» REQUIRED ACTION
Print nothing except the line holding "パナソニック 新拠点 Lumix" and the lines that come after it in the material below, and leave the pictures out.

INFORMATION PROVIDED Block Start

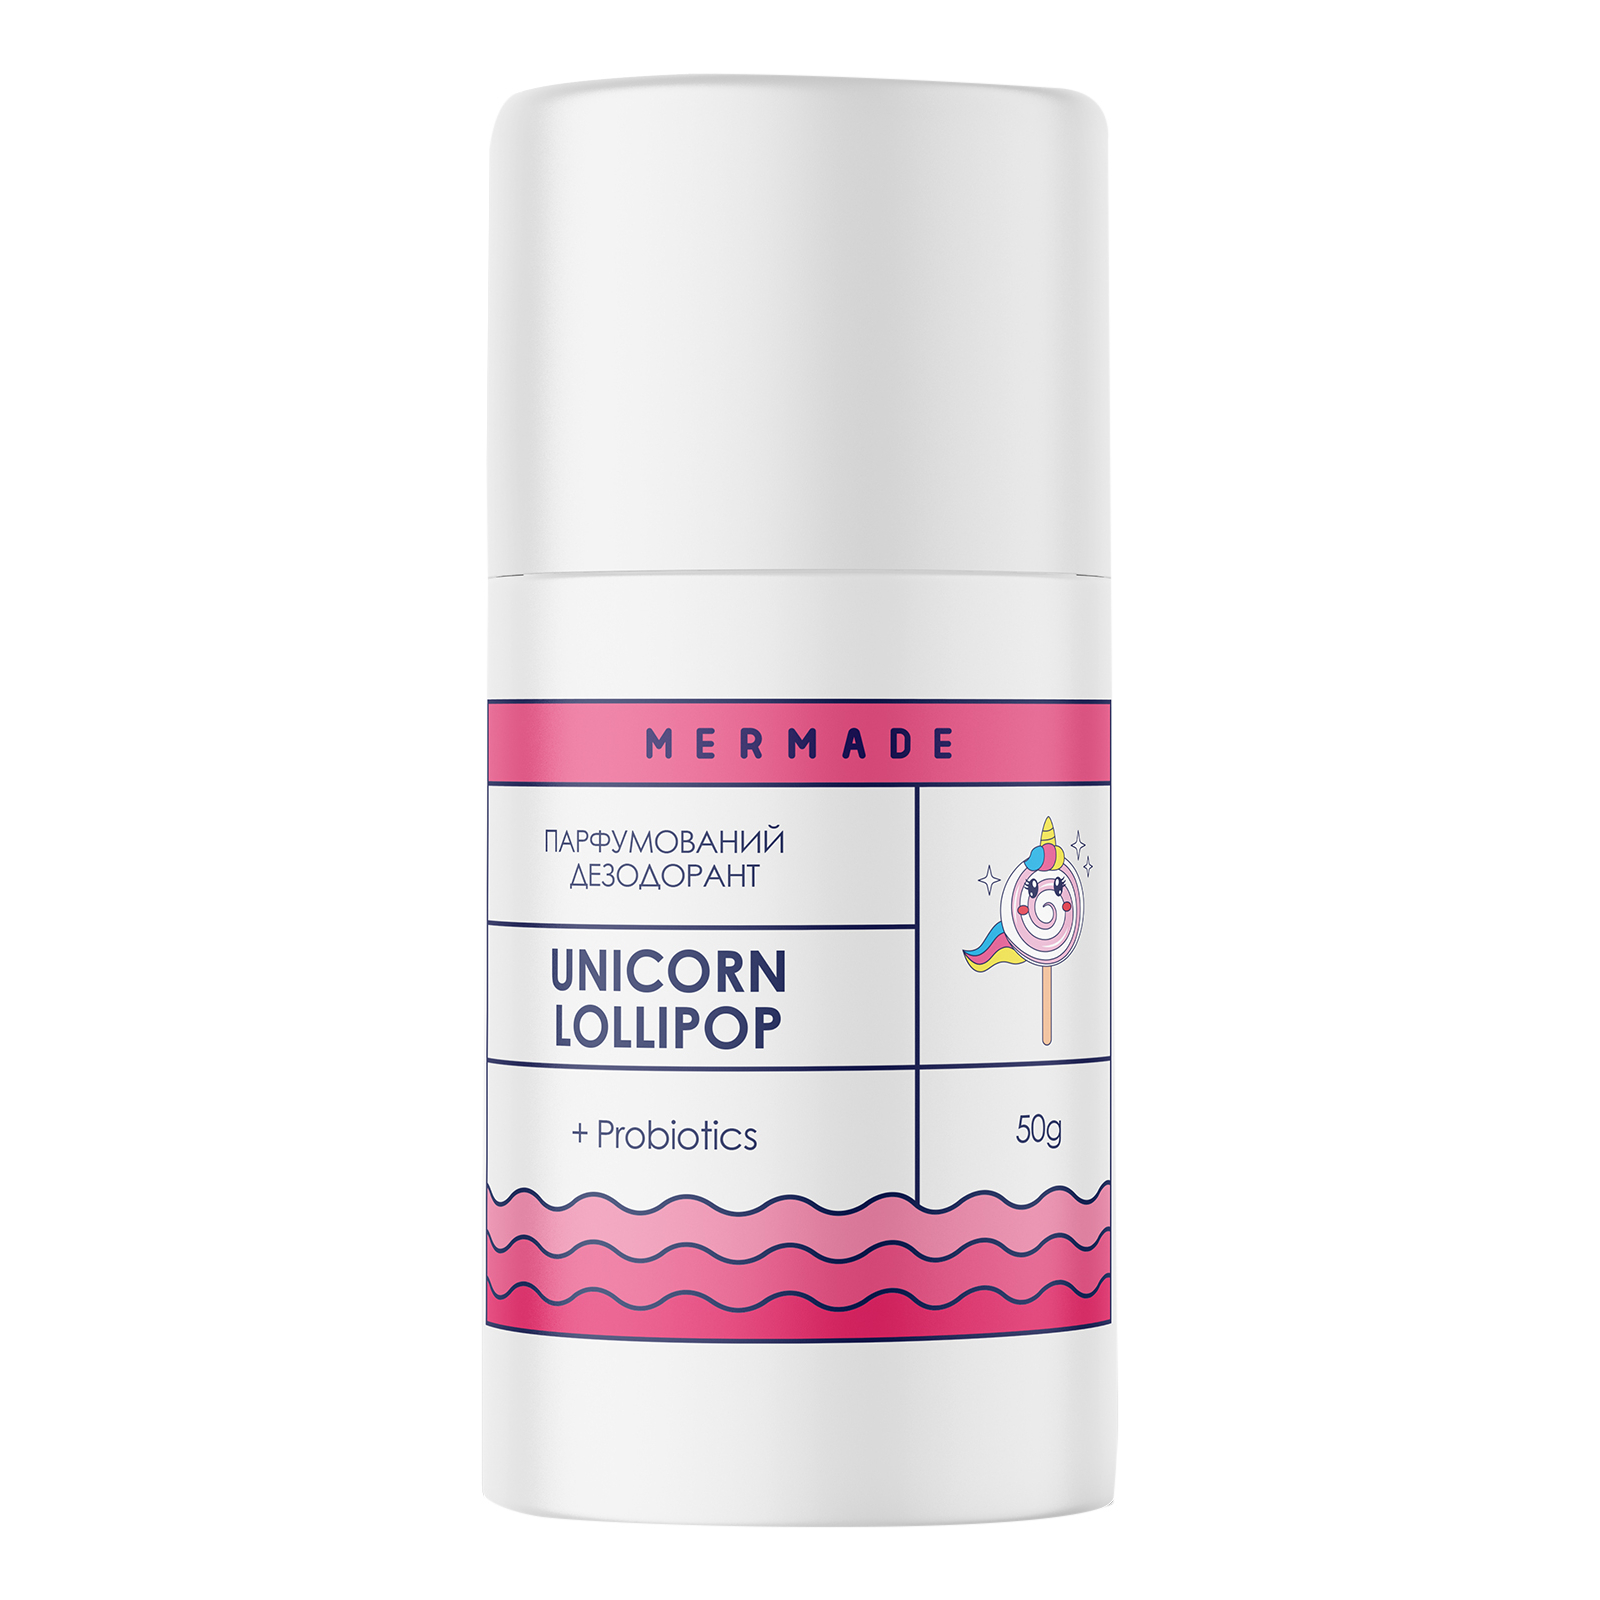 Дезодорант Mermade Unicorn Lolipop Парфюмированный с пробиотиком 50 г (4820241302772)
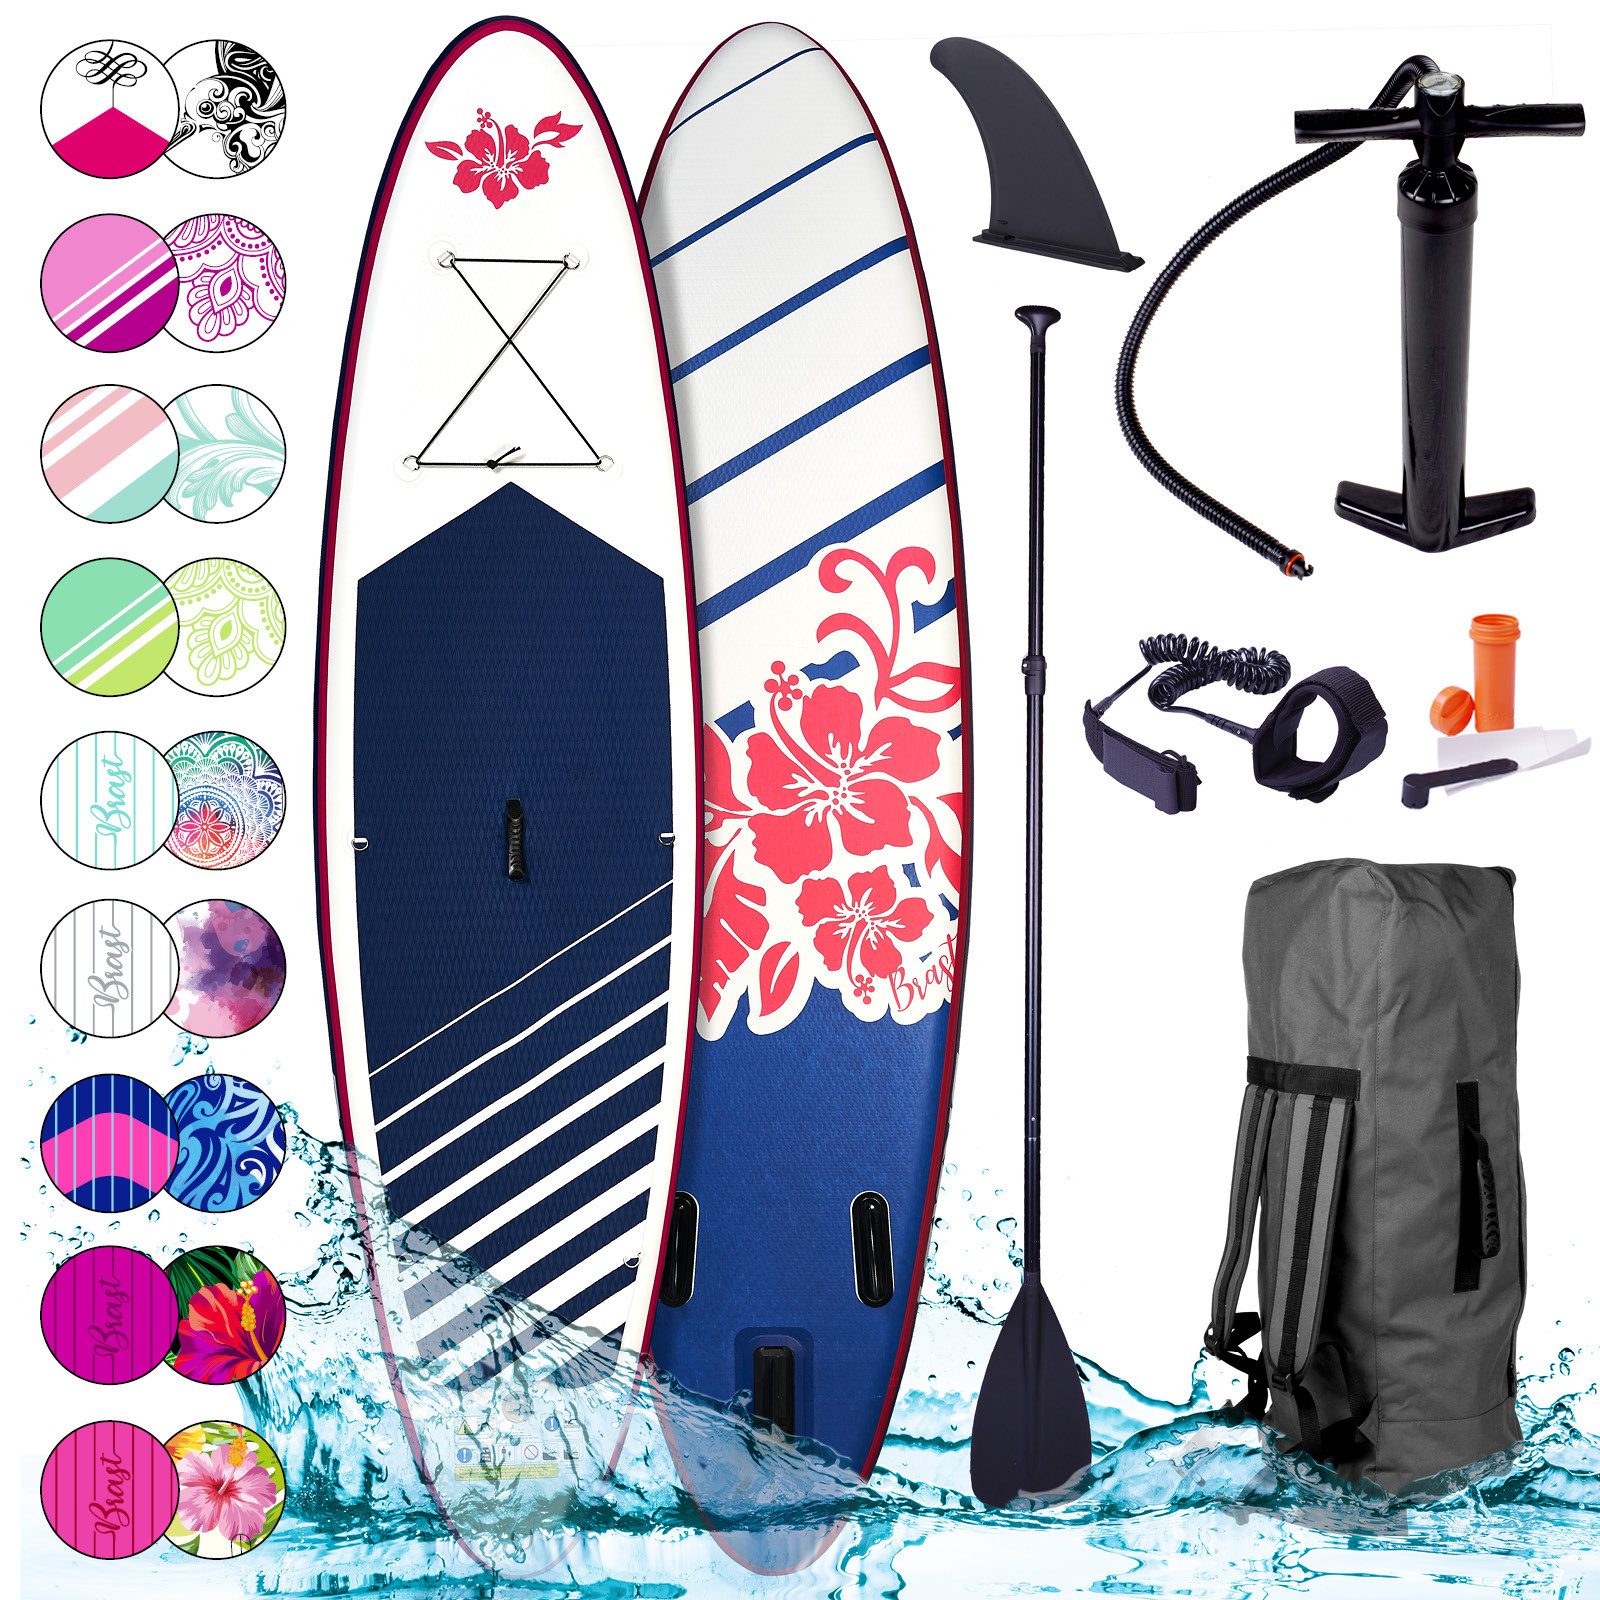 BRAST SUP-Board Aufblasbares Stand up Paddle Set für Frauen viele Modelle, (300x76x15cm), incl. Zubehör, 5 Jahre Garantie, Fußschlaufe Paddel Pumpe Rucksack
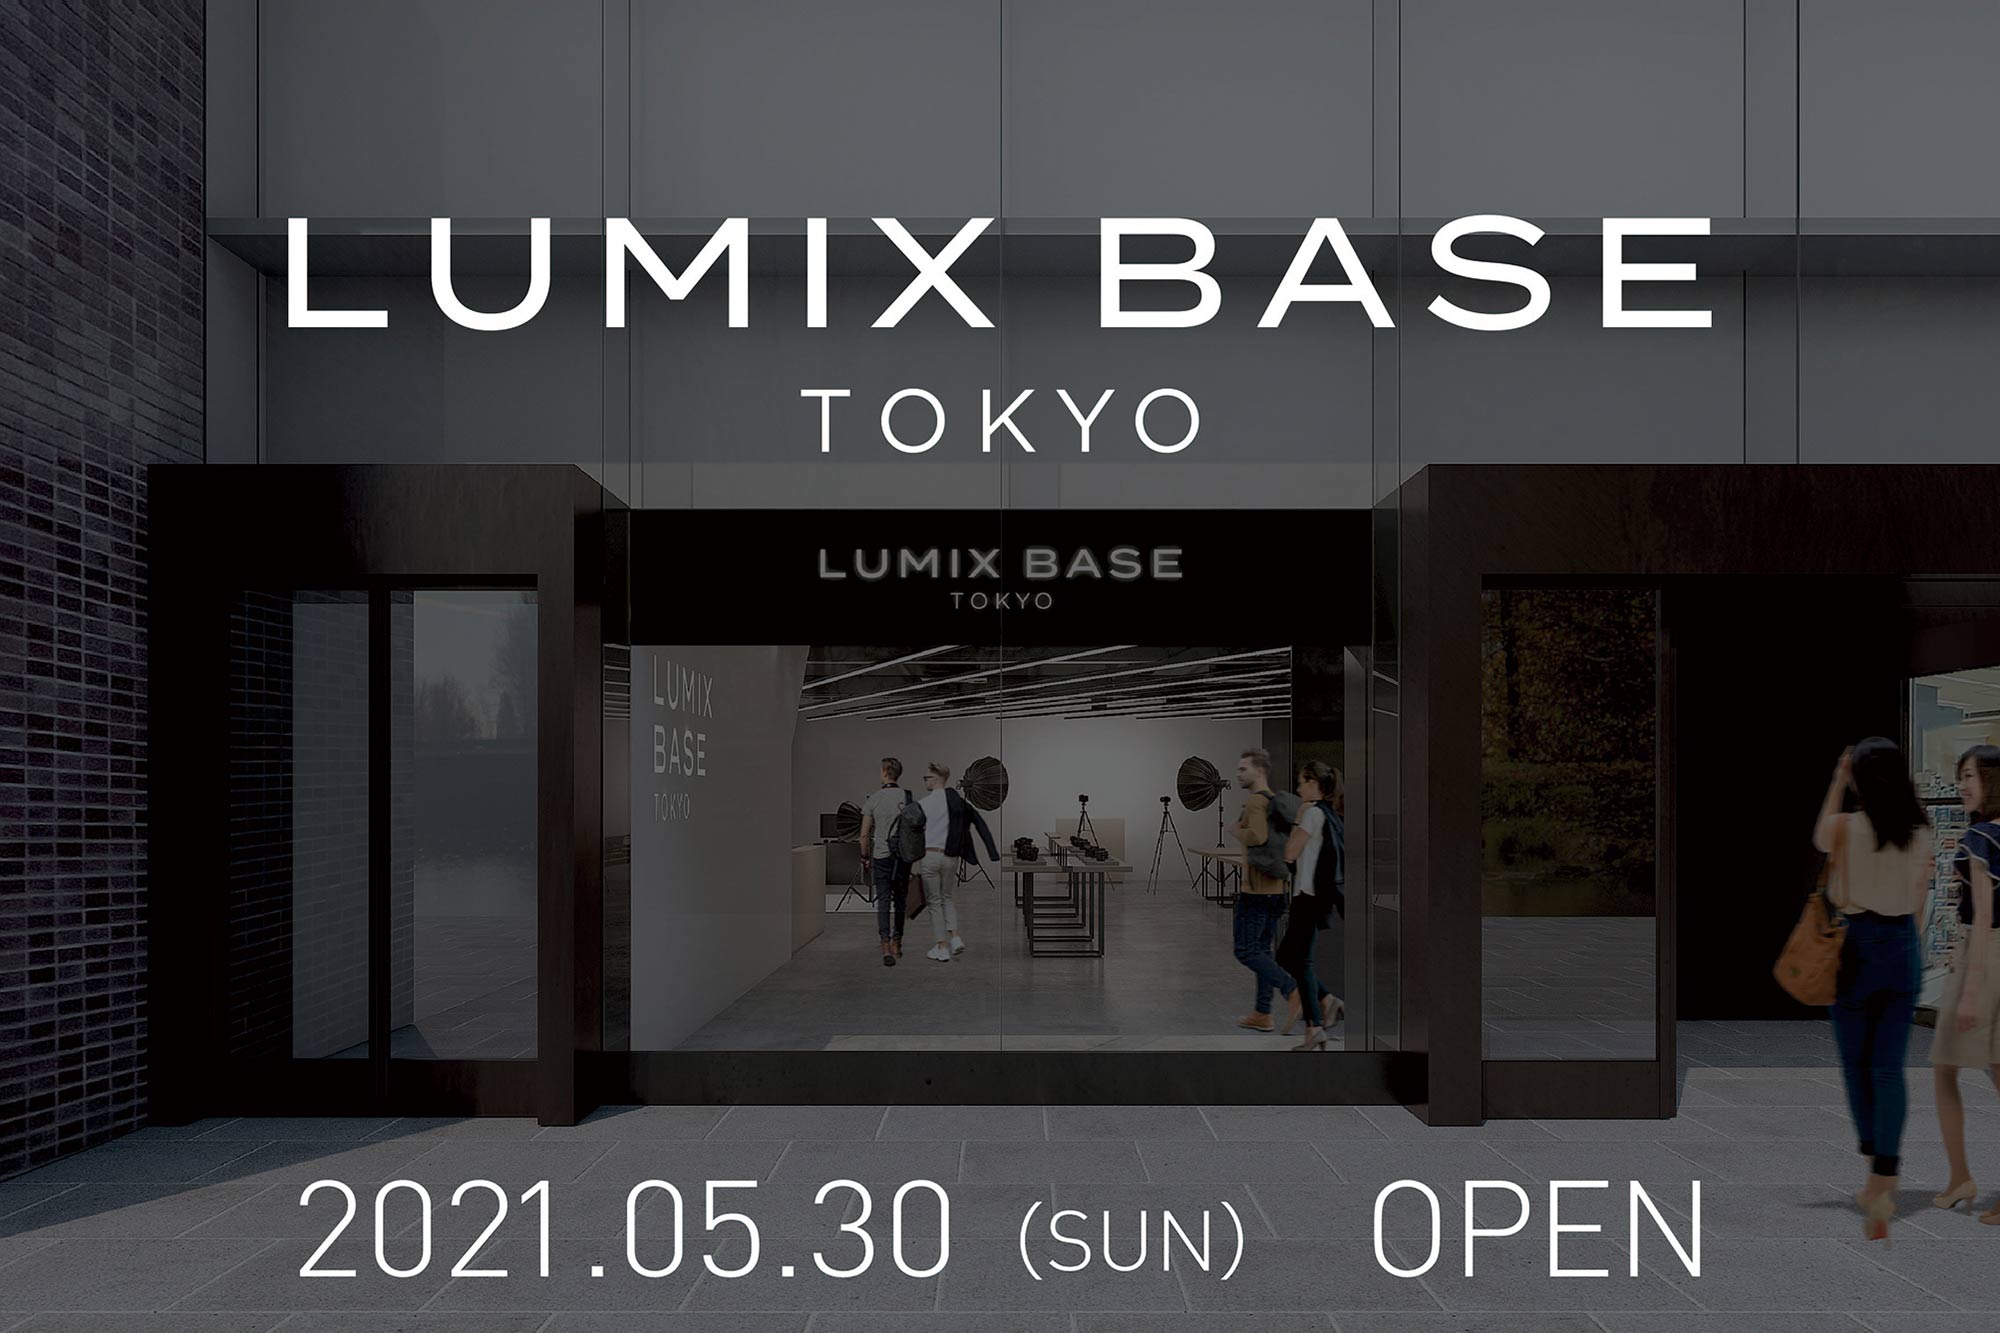 パナソニック 新拠点 Lumix Base Tokyo を東京 青山に5月30日にオープン Video Salon
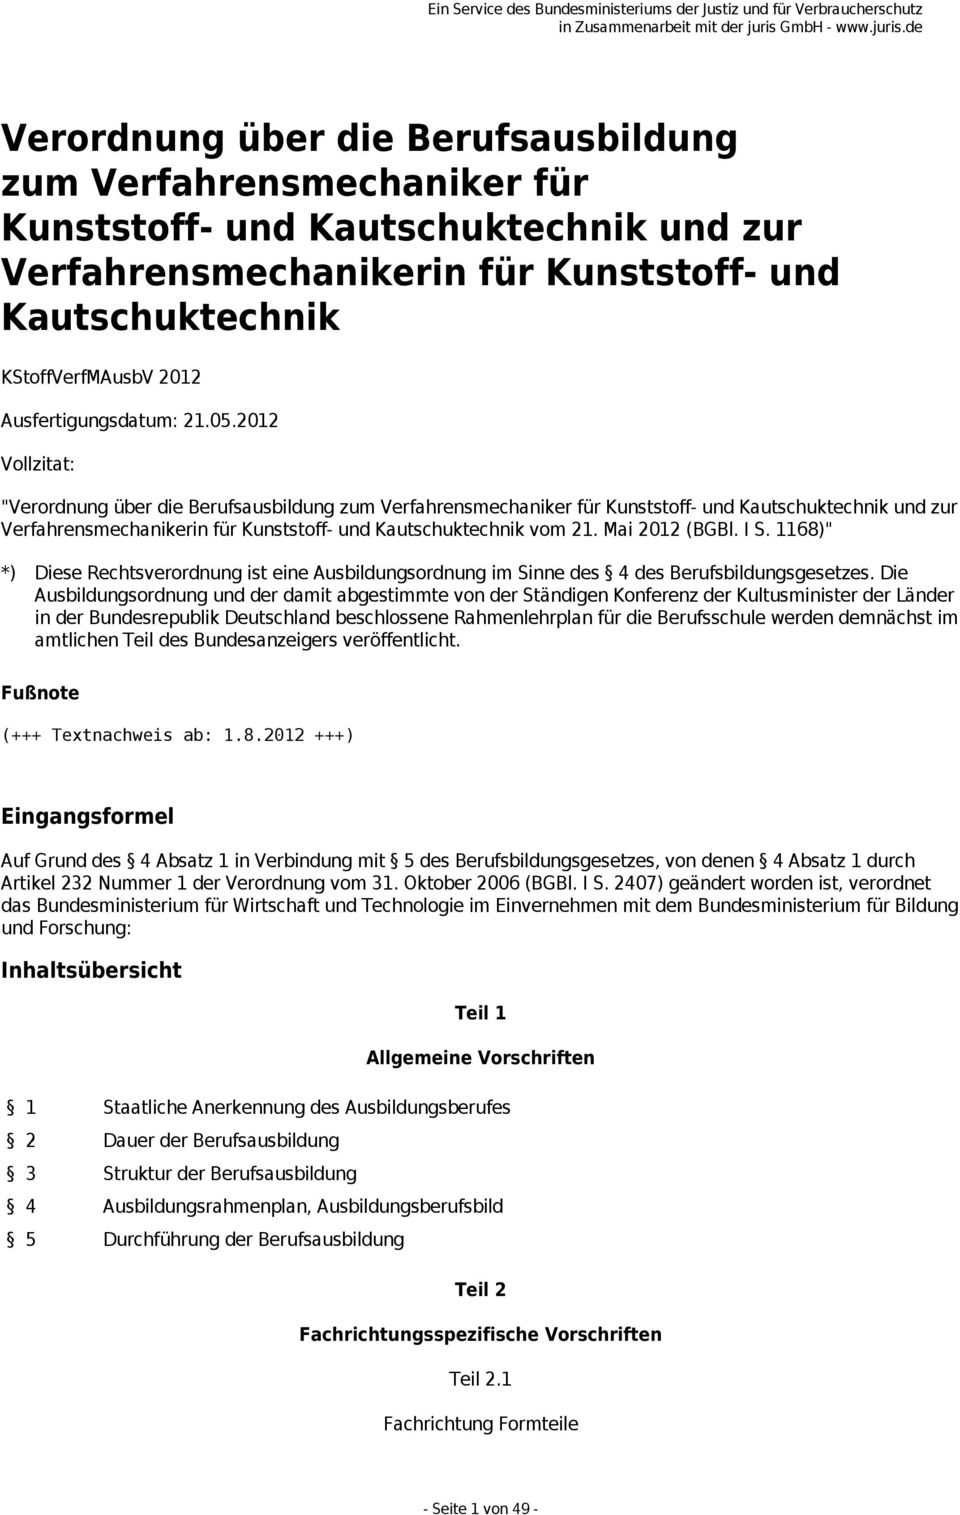 2012 Vollzitat: "Verordnung über die Berufsausbildung zum Verfahrensmechaniker für Kunststoff- und Kautschuktechnik und zur Verfahrensmechanikerin für Kunststoff- und Kautschuktechnik vom 21.

INFORMATION PROVIDED Block End

» OUTPUT
 パナソニック 新拠点 Lumix Base Tokyo を東京 青山に5月30日にオープン Video Salon
 2012 Vollzitat: "Verordnung über die Berufsausbildung zum Verfahrensmechaniker für Kunststoff- und Kautschuktechnik und zur Verfahrensmechanikerin für Kunststoff- und Kautschuktechnik vom 21.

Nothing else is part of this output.